We arrived back in Chiang Mai, Thailand, last week and are back at ZOE although still recovering a bit from some jet lag.
As we began our 36-hour return journey, it felt very strange to me. Leaving Honolulu this time felt like we were leaving for the first time all over again. I think it is because Hawaii, which had been home for all our lives, is forever changed. My parents are no longer with us on this side of heaven. Honolulu’s landscape looks different. My brother wrote to me, “our family is different .. our anchors and places are different now.” The feeling of home is not the same. Our family is different but still there is comfort in that.
I’m processing what this all means…and I’m still processing the grief and loss. I am realizing how home and family is so important for healing. I am also seeing how God can bring us a new home and family that we are not born into.
I am so thankful that God is our rock and anchor. Believe me when I say that I’m hanging onto Him like I never have before.

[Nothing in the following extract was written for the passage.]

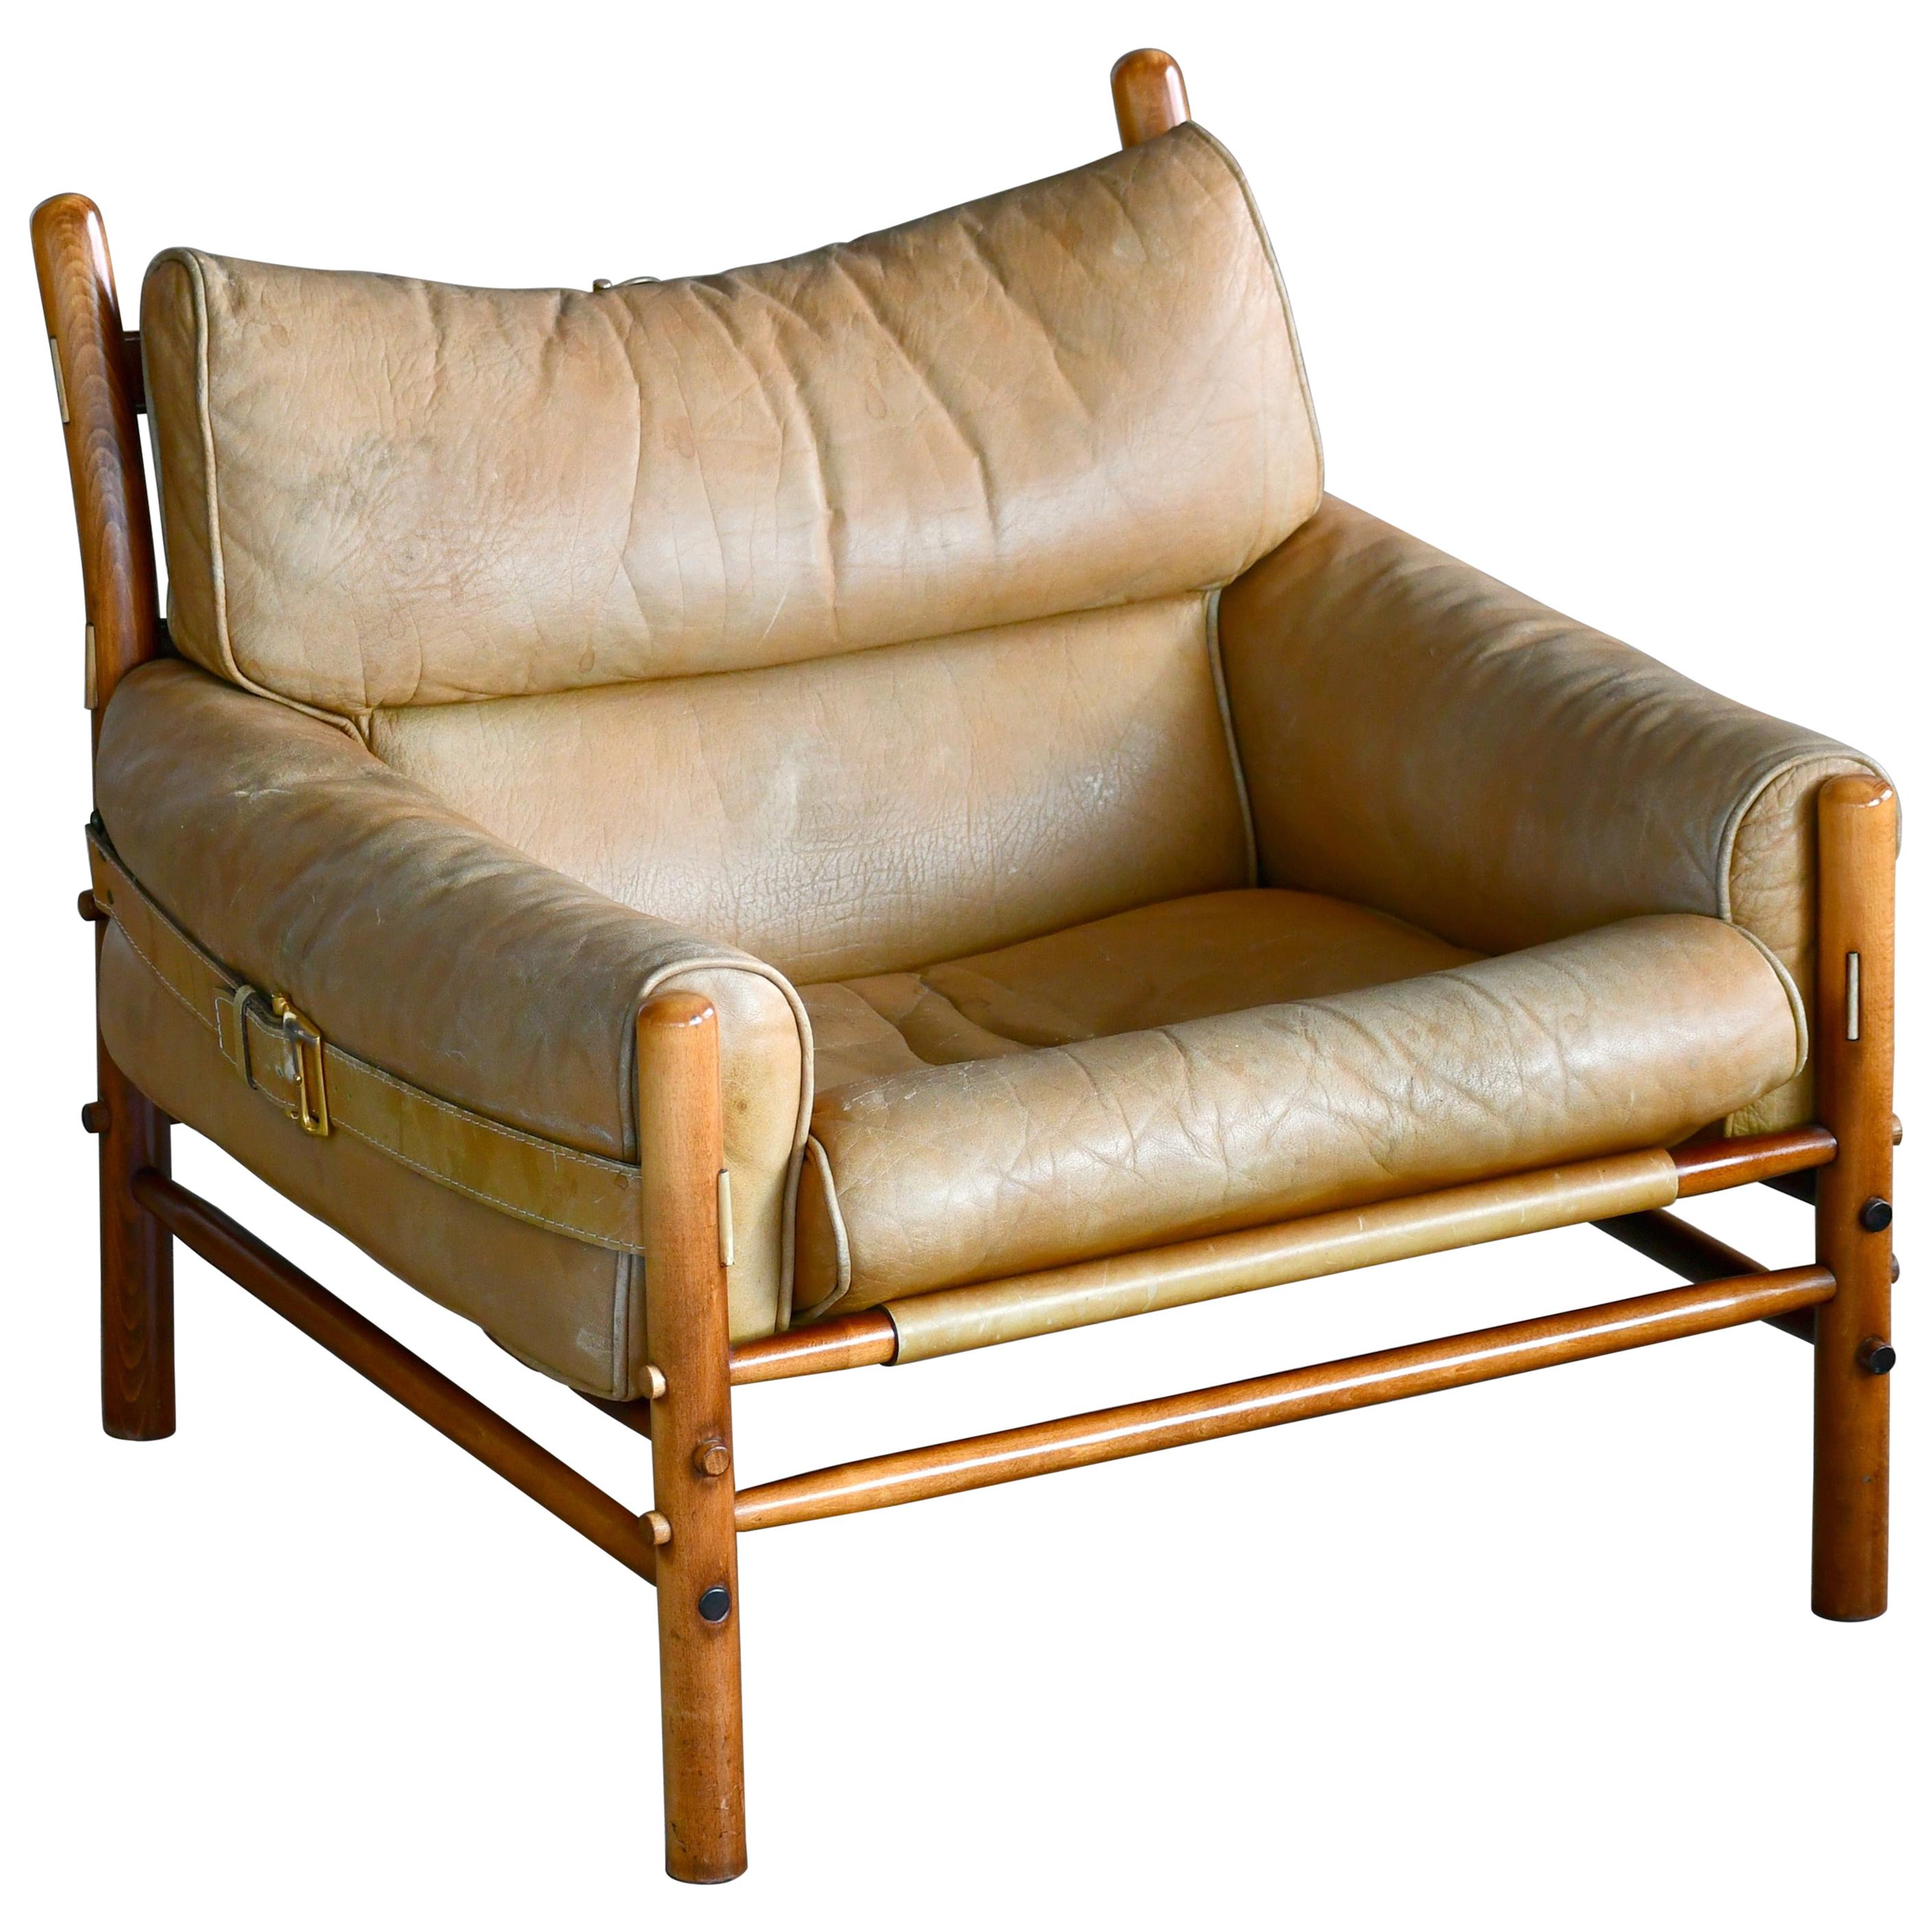 Arne Norell 1960s Safari Easy Chair Low Model Inca in Patinated Tan Leather

I have found myself singing this worship song a lot lately, and especially the chorus …
Christ alone, Cornerstone
Weak made strong in the Savior’s love
Through the storm
He is Lord
Lord of all
When darkness seems to hide His face
I rest on His unchanging grace
In every high and stormy gale
My anchor holds within the veil
My anchor holds within the veil
Cornerstone, by Hillsong
We continue our work with ZOE International here in Thailand. There is still much to do, and so many more people to be reached and children to be rescued. Please send us an email if you would like a copy of ZOE Thailand’s Quarter 1 field report.
We would greatly appreciate your prayers for the following needs:
- Continued prayer for Lori-Ann’s family.
- Continued prayer for our marriage.
- ZOE is looking for childcare and other staff who are called to work with us.
- ZOE’s Race Across America team as they train and prepare.
- ZOE’s leadership, staff and missionaries as we continue to work in multiple countries.